Sagittal sections obtained from mice (p15) of the indicated genotypes were immunostained for ADP‐ribose using the pan‐ADP‐ribose detection reagent MABE1016. Representative images showing levels of ADP‐ribose in the hippocampal regions CA1, CA3 and dentate gyrus (DG), and in the cerebral cortex. Red dotted boxes highlight the elevated ADP‐ribose staining in Xrcc1Nes‐Cre cerebellum (left dotted box) and hippocampus (right doted box). Scale bars: 5 mm, 50 μm. WT (n = 4 mice), Xrcc1Nes‐Cre (n = 4), Parp1+/‐ /Xrcc1Nes‐Cre (n = 4), Parp1−/−/Xrcc1Nes‐Cre (n = 3) and Parp1−/− (n = 3). Summary histograms show mean ± SEM. Pairwise comparisons between WT versus Xrcc1Nes‐Cre mice and WT versus Parp1−/−/Xrcc1Nes‐Cre mice were conducted by Kruskal–Wallis ANOVA with Dunn’s post hoc test, and statistically significant differences (*P < 0.05) are shown.
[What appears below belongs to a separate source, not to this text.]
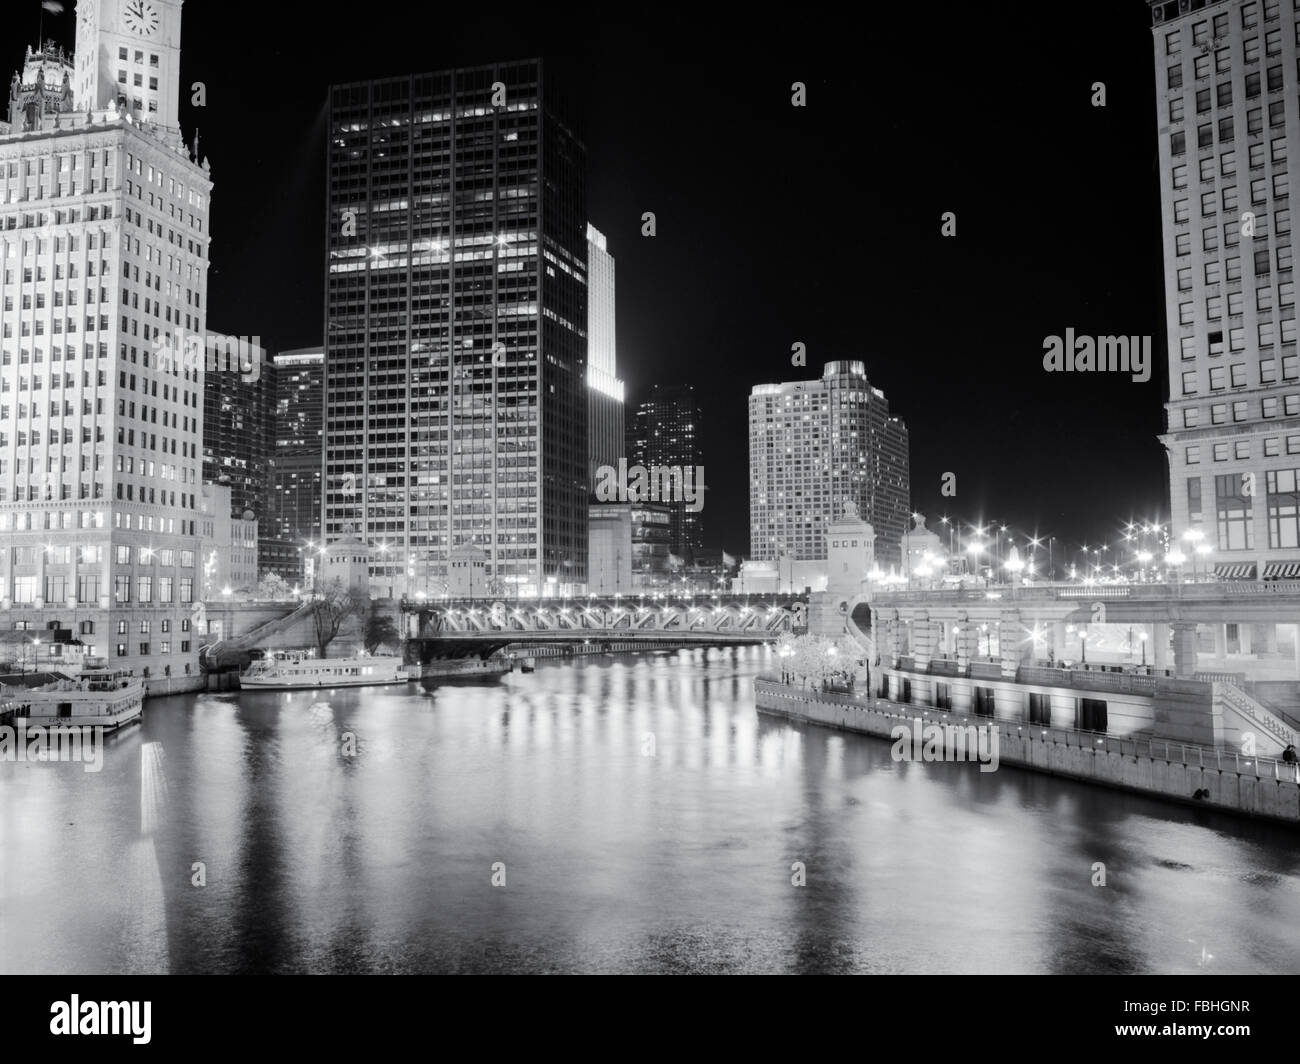 Michigan Avenue Bridge over the Chicago River as seen from Wabash at nigh Stock Photo

Protein extracts from wild‐type (WT), Xrcc1Nes‐Cre and Parp1−/− forebrain tissue, containing hippocampus and cortex, were incubated with 1 mM NAD+ for 45 min in the presence or absence of PARP inhibitor as indicated, and ADP‐ribosylation detected by Western blotting using the poly(ADP‐ribose)‐specific detection reagent MABE1031. Representative images from two or more independent experiments are shown. A Western blot showing the level of Parp1 and Xrcc1 in the forebrain tissue extracts is also shown, Inset.
Protein extracts from wild‐type (WT) and Xrcc1Nes‐Cre forebrain or cerebellum were incubated for 0, 5, 10, 15, 30 and 45 min in the presence of NAD+ as above.
NAD+ levels in wild‐type (WT), Xrcc1Nes‐Cre and Parp+/‐/Xrcc1Nes‐Cre forebrain tissue. Data are the scatterplots of individual measurements from at least three mice per genotype, with error bars representing the mean ± SEM. Statistically significant differences with Xrcc1Nes‐cre are indicated (Kruskal–Wallis ANOVA with Dunn’s post hoc test *P < 0.05).